Question

E and F are two independent events such that \(P(\overline{E}) = 0.6\) and \(P(E \cup F) = 0.6\). Find \(P(F)\) and \(P(\overline{E} \cup \overline{F})\).

Hint:

For independent events \(E\) and \(F\), always use the formula \(P(E \cap F) = P(E) \cdot P(F)\), and for unions and complements, apply the addition rule and complement rule carefully.

Answer 1

Step 1: Relationship between \(P(E)\) and \(P(\overline{E})\) We know that: \[ P(E) + P(\overline{E}) = 1. \] 

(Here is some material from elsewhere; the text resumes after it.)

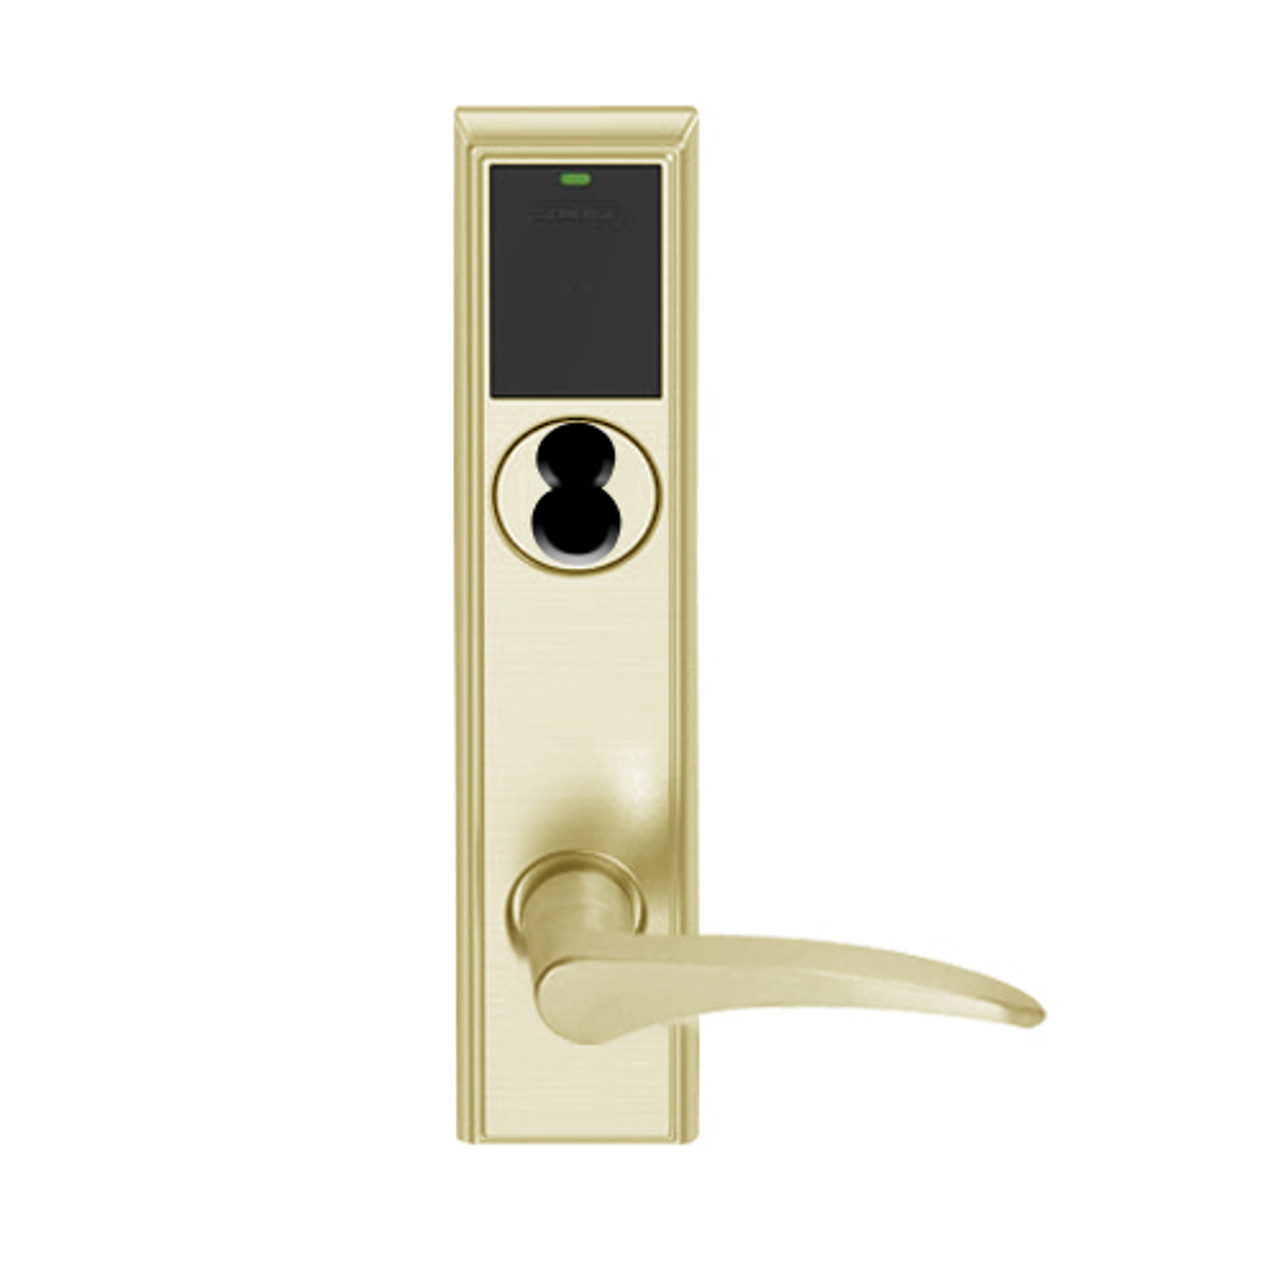 LEMS-ADD-BD-12-606-RH Schlage Storeroom Wireless Addison Mortise Lock with LED and 12 Lever Prepped for SFIC in Satin Brass

Substituting \(P(\overline{E}) = 0.6\): \[ P(E) = 1 - 0.6 = 0.4. \] 

Step 2: Use the formula for \(P(E \cup F)\) For any two events \(E\) and \(F\), we have: \[ P(E \cup F) = P(E) + P(F) - P(E \cap F). \] Since \(E\) and \(F\) are independent, \(P(E \cap F) = P(E) \cdot P(F)\). 

Substituting this: \[ P(E \cup F) = P(E) + P(F) - P(E) \cdot P(F). \] Substitute \(P(E) = 0.4\) and \(P(E \cup F) = 0.6\): \[ 0.6 = 0.4 + P(F) - (0.4 \cdot P(F)). \] Simplify: \[ 0.6 = 0.4 + P(F) - 0.4P(F). \] \[ 0.6 - 0.4 = P(F)(1 - 0.4). \] \[ 0.2 = 0.6P(F). \] \[ P(F) = \frac{0.2}{0.6} = \frac{1}{3}. \] 

Step 3: Find \(P(\overline{E} \cup \overline{F})\) Using the complement rule: \[ P(\overline{E} \cup \overline{F}) = 1 - P(E \cap F). \] From the formula for complements: \[ P(E \cap F) = P(E) \cdot P(F). \] 

Substitute \(P(E) = 0.4\) and \(P(F) = \frac{1}{3}\): \[ P(E \cap F) = 0.4 \cdot \frac{1}{3} = \frac{2}{15}. \] 

Thus: \[ P(\overline{E} \cup \overline{F}) = 1 - P(E \cap F) = 1 - \frac{2}{15} = \frac{15}{15} - \frac{2}{15} = \frac{13}{15}. \] 

Final Answer: \[ P(F) = \frac{1}{3}, \quad P(\overline{E} \cup \overline{F}) = \frac{13}{15}. \]